Большая родня - Михаил Стельмах
Шрифт:
Интервал:
Закладка:
— Мало понравились. Узенько смотрят на мир. Придется пощипать их. В особенности старого, — это, кажется, спецхвастун. Он и землю и науку может, как кувшины, прикрыть бумажками. К тому же еще какие-то сомнения грызут старика. А какие — не ухватил, — неохотно ответил Иона. Неприятные воспоминания передернули его подвижное лицо. — Молодой — ничего парень, только несмелый, очевидно, за авторитеты обеими руками держится.
Мелиораторы вошли в кабинет.
— Олег Фадеевич Чепуренко, — горделиво отрекомендовался немолодой дородный мужчина. Массивная лобастая голова его суживалась книзу и заканчивалась конусом блеклой травянистой бородки.
— Владимир Слободенюк, — поклонился худой юноша с большими задумчивыми глазами.
— Просим, садитесь. Как вы съездили?
— Напрасно убили время. Ваш заврайземотделом большой оптимист, — заколебалась на белой рубашке бородка Олега Фадеевича.
— А вы большие пессимисты?
— Нет, мы люди реальности и точности.
— Так это совсем хорошо.
— Неплохо, — пренебрежительно согласился Чепуренко. — Наука любит точность, а не всякие поэтические излияния.
Слободенюк поморщился. Ионе показалось, что молодому специалисту не раз приходилось слышать эту менторскую сентенцию из уст старшего коллеги.
— Любая наука, если она наука, поэтична, — осторожно поправил Павел Михайлович.
— Ну, это выдумки ловких поэтов и фантазеров, примазывающихся к науке, — беспрекословно и уверенно отрубил Чепуренко.
— Я с большим уважением относился бы, например, к Ломоносову, Менделееву, Лобачевскому.
Тень бородки Чепуренка юлой завертелась на его широкой груди, а взгляд изумленно и вместе с тем со скрытым недоверием вперился в секретаря райпарткома. Павел Михайлович спокойно перехватил это раздвоение в глазах немолодого мужчины.
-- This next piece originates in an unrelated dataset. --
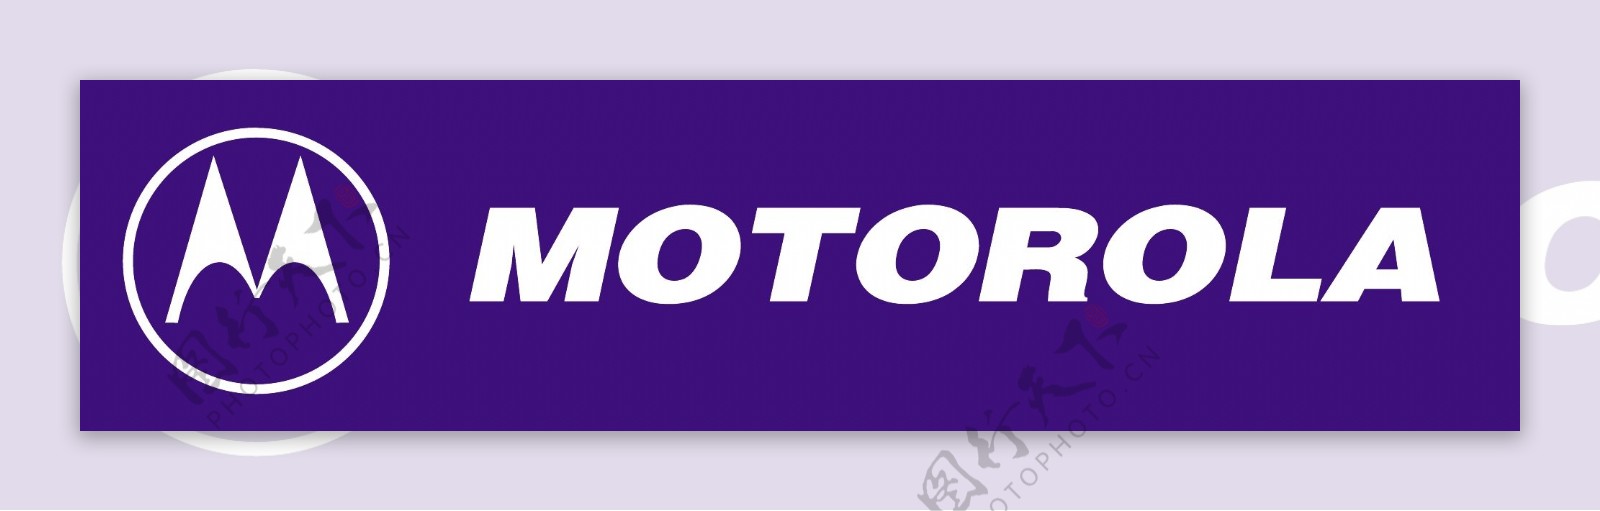 摩托罗拉logo3

— А Вильямс, Мичурин, по-вашему, не поэты? Они в горькую воспетую землю не стон, не безнадежность песни, а сердце свое, как наиболее дорогое зерно, вложили. И мир увидел землю другой, какой она станет завтра для нас, для всего человечества. Так это, по-вашему, не поэзия? Ученый, не имеющий поэтической фантазии, — это сумка старца, набитая кусками фактов. А творец — всегда поэт… Вы знаете, что Ленин на одиннадцатом съезде партии о фантазии говорил?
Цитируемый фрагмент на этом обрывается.